O pensamento exposado por Mello (2006) coaduna-se com a teoria que difunde a redução da discricionariedade a zero. Tal fenômeno, segundo os ensinamentos de Pereira (2003), refere-se à ocasião em que, diante das peculiaridades do caso concreto, a gama de alternativas de que dispõe a Administração no exercício de sua discricionariedade é reduzida a um número menor, ou mesmo a uma única conduta possível, levando-se em conta o interesse público que se visa resguardar. De acordo com essa concepção, reduz-se o campo da discricionariedade e, por consequência, alarga-se o controle da atividade administrativa.

A exata compreensão do mérito administrativo passa pela análise conceitual das expressões “oportunidade” e “conveniência”. Sob essa ótica, são termos pouco explorados na

doutrina, mas que constam, como se pode notar, da maioria dos conceitos por ela apresentados. Para tanto, recorre-se ao magistério de Moreira Neto (2014, n.p.):

Por oportunidade, entende-se a satisfação dos pressupostos de fato e de direito que a Administração considere necessários e suficientes para a prática de ato, voltado a atender certa finalidade pública estabelecida por lei específica e a ela cometida.

Por conveniência, entende-se o tipo e a intensidade de eficácia jurídica, que a Administração considere necessários e suficientes para a prática de ato, cujo conteúdo esteja adequado à produção de resultados, que satisfaçam à finalidade pública específica que o justifica.

Com isso, vislumbra-se que ainda que suponham margem de liberdade, como a própria discricionariedade o faz, a conveniência e a oportunidade, quando de sua aferição por parte do administrador, devem respeito à máxima do interesse público.

Com efeito, percebe-se que o mérito não pode ser qualificado como um elemento do ato administrativo, a exemplo do motivo ou do objeto, mas como uma maneira de considerá-los na sua expedição.
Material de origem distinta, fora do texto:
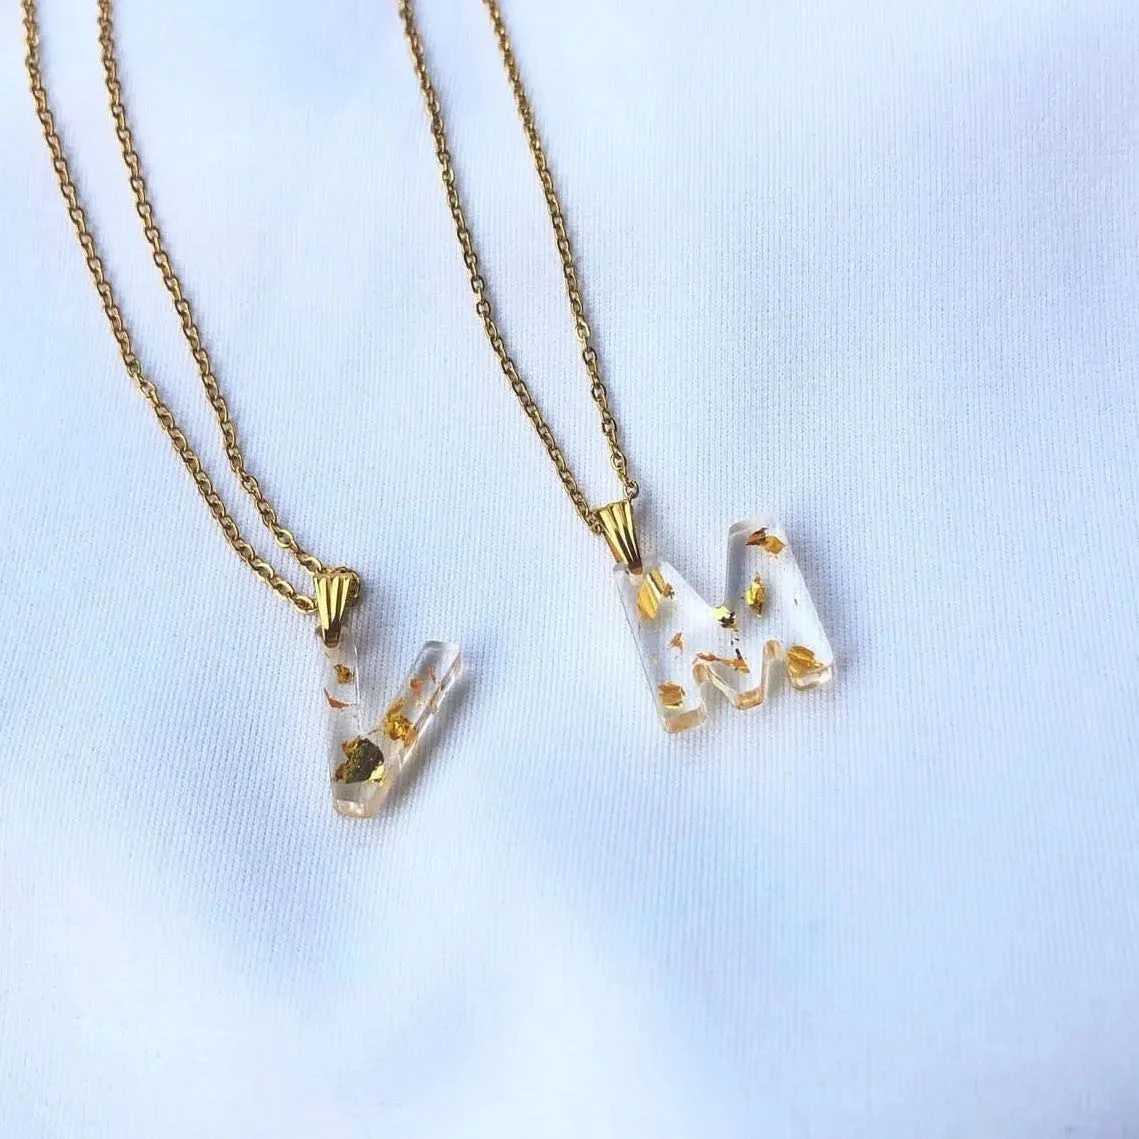 greenbone initial necklace 🍃

Não é outro o posicionamento de Fagundes (1951, p. 16) quando assinala: “o mérito não constitui elemento autônomo no conjunto dos elementos que compõem o ato administrativo, senão apenas um aspecto, um modo de ser desse ato, no que concerne aos motivos e ao objeto”.
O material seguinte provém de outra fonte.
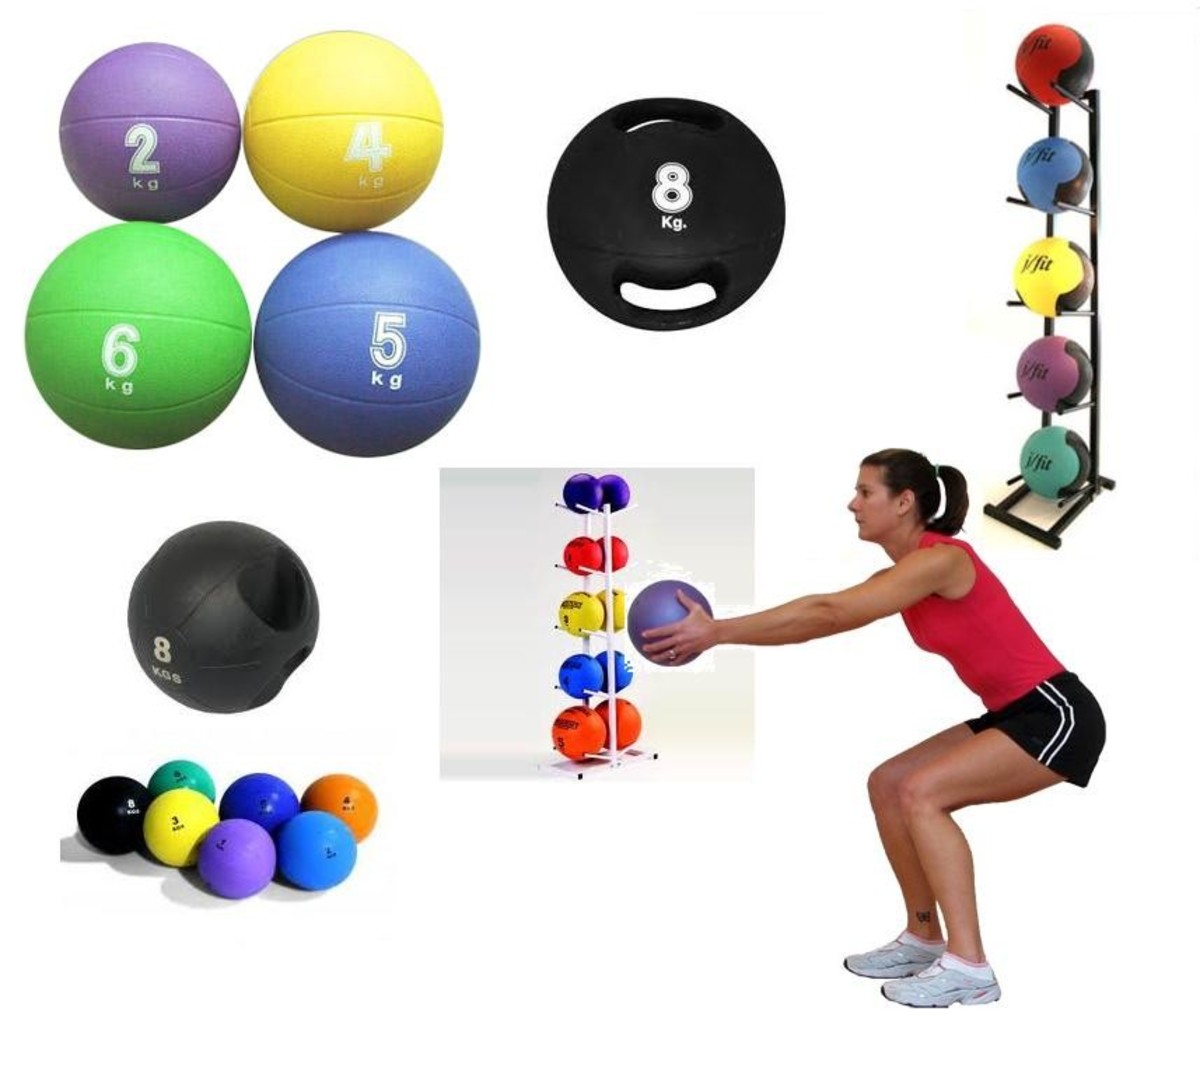 buy-exercise-fitness-medicine-ball-posters-for-the-home-gym

Quanto à existência (ou inexistência) do mérito nos atos classificados como vinculados, há certa divergência.

Cretella Júnior (1975, p. 34) admite haver, mesmo nos atos vinculados, “uma parcela de merecimento”, embora admita ser, “in potentia, não utilizável pela autoridade”.

Já Fagundes (1951, p. 6), destoa do posicionamento supra, prescrevendo:

Pressupondo o mérito do ato administrativo a possibilidade de opção, por parte do administrador, no que respeita ao sentido do ato - que poderá inspirar-se em diferentes razões, de sorte a ter lugar num momento ou noutro, como poderá apresentar-se com este ou aquele objetivo - constitui fator apenas pertinente aos atos discricionários. Onde se trate de competência vinculada, sendo a atividade do administrador adstrita a um motivo único, predeterminado, cuja ocorrência material lhe cabe tão somente constatar, e devendo ter o procedimento administrativo por objeto uma certa e determinada medida, expressamente prevista pela lei, não há cogitar do mérito como um dos fatores integrantes do ato administrativo. Este se apresenta simplificado, pela ausência de tal fator.

Deveras, nota-se que, em se tratando de ato vinculado, a Administração já encontra esgotado o conteúdo político do ato, insistentemente debatido pelo legislador, e consubstanciado na norma a ser aplicada. Cabe ao administrator, nesse cenário, diante da

situação de fato e de direito que o autorizem a agir, tão somente a função de efetivar a solução pré-concebida.